To give more context (and to use as a self check for myself) I’ve added plots that compare the 2015-2016 Statcast Defensive Efficiency I’ve developed (along with correlation coefficient calculations) to three previously mentioned widely used advanced defensive metrics:

  • DRS: Correlation coefficient (“r”) = 0.5727
  • UZR: r = 0.6926
  • PADE: r = 0.6929

screen-shot-2016-10-12-at-6-43-00-pm

screen-shot-2016-10-12-at-6-42-16-pm

screen-shot-2016-10-18-at-12-28-13-pm

A couple of things jumped out at me:

1.) The American League had more teams ranked in the top 10 of Statcast Defensive Efficiency for both seasons. The underlying reason for this is most likely because of the existence of the designated hitter, there are more chances for an American League defense to accumulate positive debits. As a shorthand to support the notion of increased balls in play between the two leagues, since the designated hitter was instituted in 1973, the American League has had a lower strikeout rate than the National League in each season.

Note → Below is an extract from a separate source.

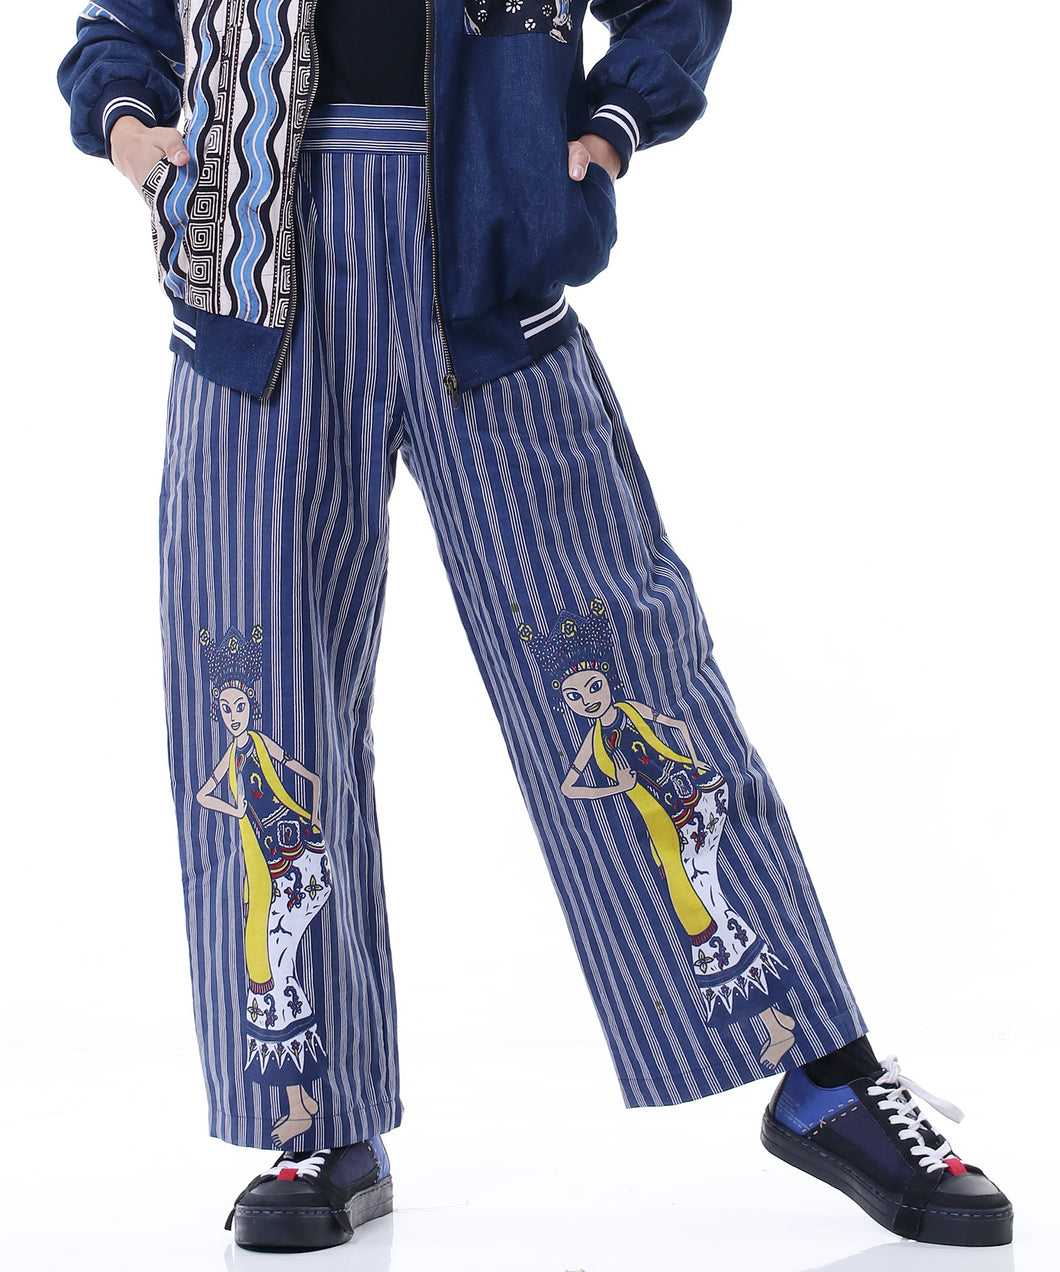 Lulu Stripe pants
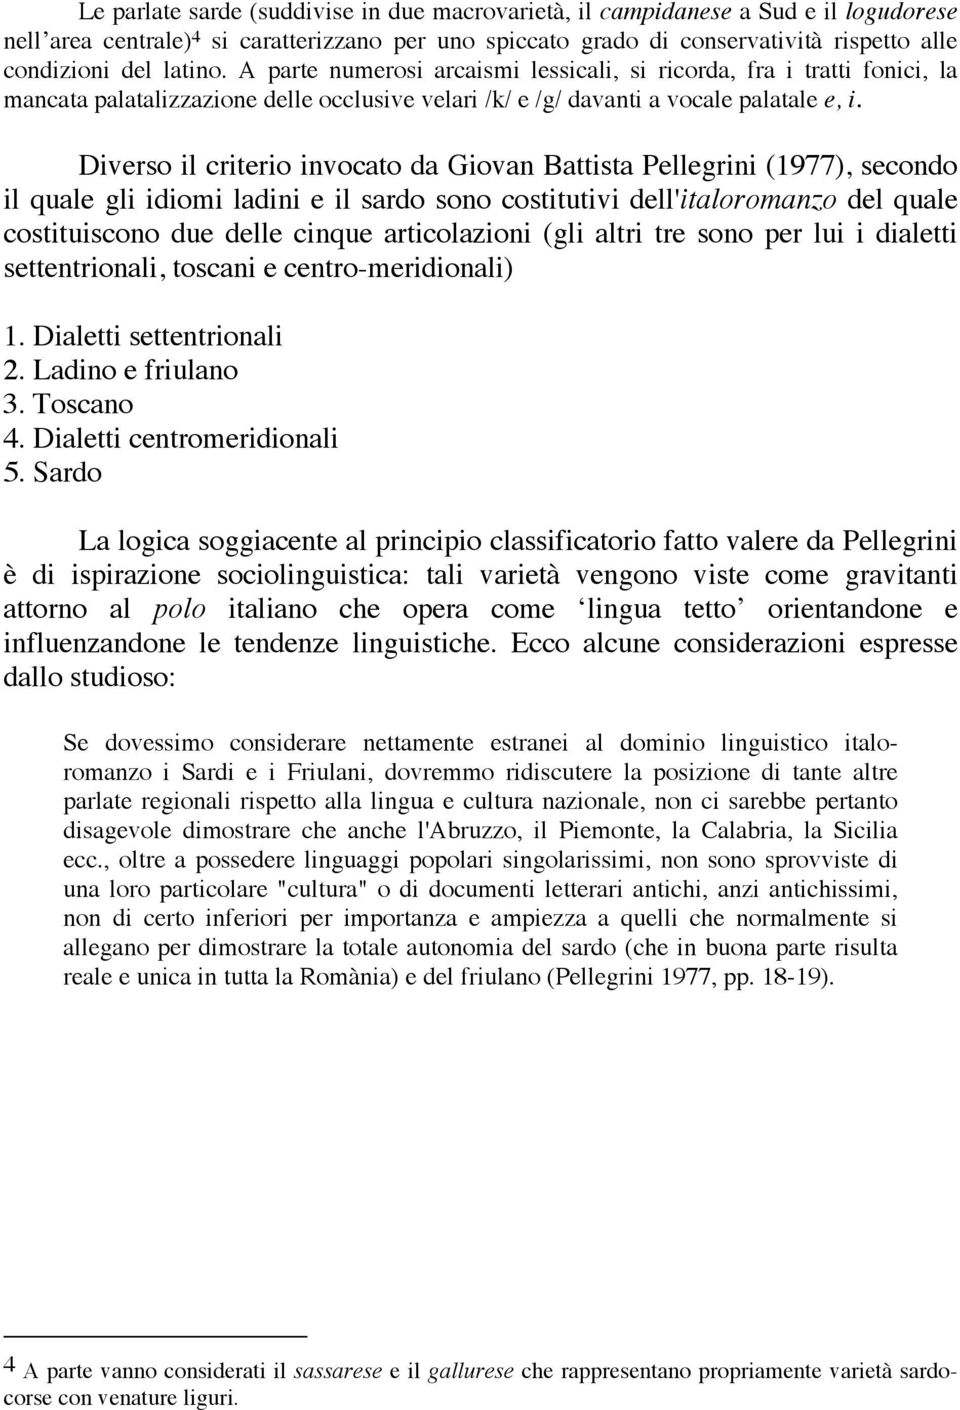 Diverso il criterio invocato da Giovan Battista Pellegrini (1977), secondo il quale gli idiomi ladini e il sardo sono costitutivi dell'italoromanzo del quale costituiscono due delle cinque

2.) Park factors can have a disproportionate effect on an individual team’s Statcast Defensive Efficiency. The Rockies had the lowest Statcast Defensive Efficiency rating in 2015. Whether this is due to their defense being this below average, or whether the metric unfairly penalized the Rockies outfielders for having an inordinate amount of bloop hits fall due to the cavernous dimensions of Coors Field is unclear.

3.) According to Statcast Defensive Efficiency, the 2016 Chicago Cubs were far and away the best defensive team of the past two seasons. This in and of itself isn’t particularly shocking; the 2016 Cubs led MLB in PADE, DRS, and UZR as well, and other analysts (including myself) have examined the 2016 Cubs defense before. What’s shocking is how far ahead the 2016 Cubs are in Statcast Defensive Efficiency. To put it simpler:

  • In 2015, the Kansas City Royals led the MLB in Statcast Defensive Efficiency with a score of 156.8. The 2016 Chicago Cubs Statcast Defensive Efficiency was nearly 75 percentage points higher.
  • The difference between the 2016 Cubs and the second place team in Statcast Defensive Efficiency (Toronto Blue Jays) was 56.3 percentage points. The difference between the 2015 Kansas City Royals and the 2015 fourteenth place team in Statcast Defensive Efficiency (Pittsburg Pirates) was 55.3 percentage points.
  • The difference between the 2016 Cubs and the third place team in Statcast Defensive Efficiency (San Francisco Giants) was 98.6 percentage points. The difference between the 2015 Kansas City Royals and the 2015 twenty-seventh place team in Statcast Defensive Efficiency (Philadelphia Phillies) was 97.4 percentage points.

So the Cubs essentially lapped the Statcast Defensive Efficiency field in 2016, and earned themselves a 109.3 percentage point increase from their corresponding Statcast Defensive Efficiency score in 2015. Just what has changed with the Cubs defense from 2015 vs. 2016? Having watched the Cubs intently over the past two seasons there are three major differences worthy of remark:

1.) After initially working in at second base upon his call up to the majors in June 2015, Addison Russell was the Cubs’ starting shortstop for the entire 2016 season.

2.) Due to strikeout issues and a broken finger, Javier Baez was not recalled to the Cubs major league team until September 2015. Baez appeared in 143 games during the 2016 season, primarily at second and third base.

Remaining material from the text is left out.